Robusta has a different story. It’s thought to have originated in Uganda, and today makes up about 40% of global production. True to its name, Robusta is tough: it grows at lower altitudes, handles hotter climates, shrugs off pests, and produces bigger yields.

In the cup, it’s a different beast altogether:

  • Bold and bitter, with less acidity.

  • Higher in caffeine, which adds intensity but also harshness.

  • Lots of crema, which is why it’s popular in instant coffee and bulk espresso blends.

There are a few stand-out Robustas out there, but they’re rare. For the most part, Robusta is about scale and affordability, not nuance.


Why Arabica costs more — and why it’s worth it

Choosing Arabica isn’t about snobbery — it’s about taste. The extra you pay reflects the extra work it takes to grow: selective hand-picking, careful processing, smaller yields, micro-lot offerings. These are labour-intensive farms, often run by families who depend on fair prices to keep producing coffee year after year.

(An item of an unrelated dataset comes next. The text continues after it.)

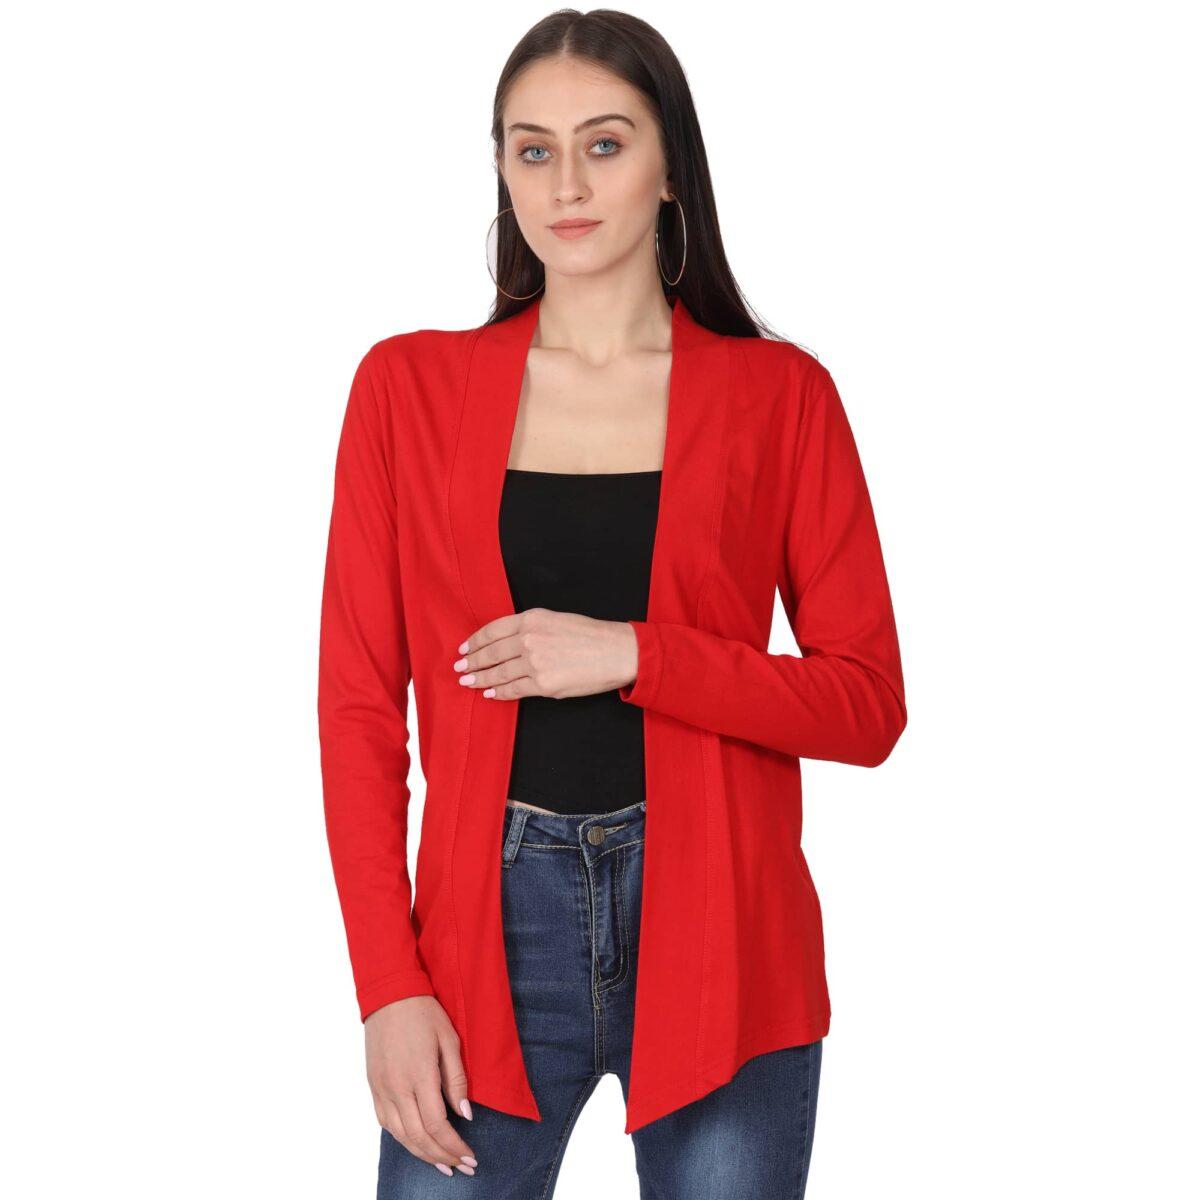 Women Full Sleeve Red Shrug

When you choose Arabica, you’re choosing:

  • A cup with complexity and character, not just caffeine.

  • A supply chain that values growers and their craft.

  • A coffee that rewards time, effort, and care.

It’s quality over quantity, every time.

The bigger picture

Both Arabica and Robusta grow within the “coffee belt” — the regions around the equator where the climate is just right. Brazil dominates production of both, with industrial-scale farms producing huge yields. In contrast, countries like Colombia and Ethiopia rely on smaller farms, often perched on mountain slopes, where Arabica is grown more traditionally and harvested by hand.

Looking ahead, climate change and rising demand may shift the balance further towards Robusta. It’s more resilient, and easier to produce at scale.

But for us, the choice remains clear: Arabica is where you find flavour worth savouring.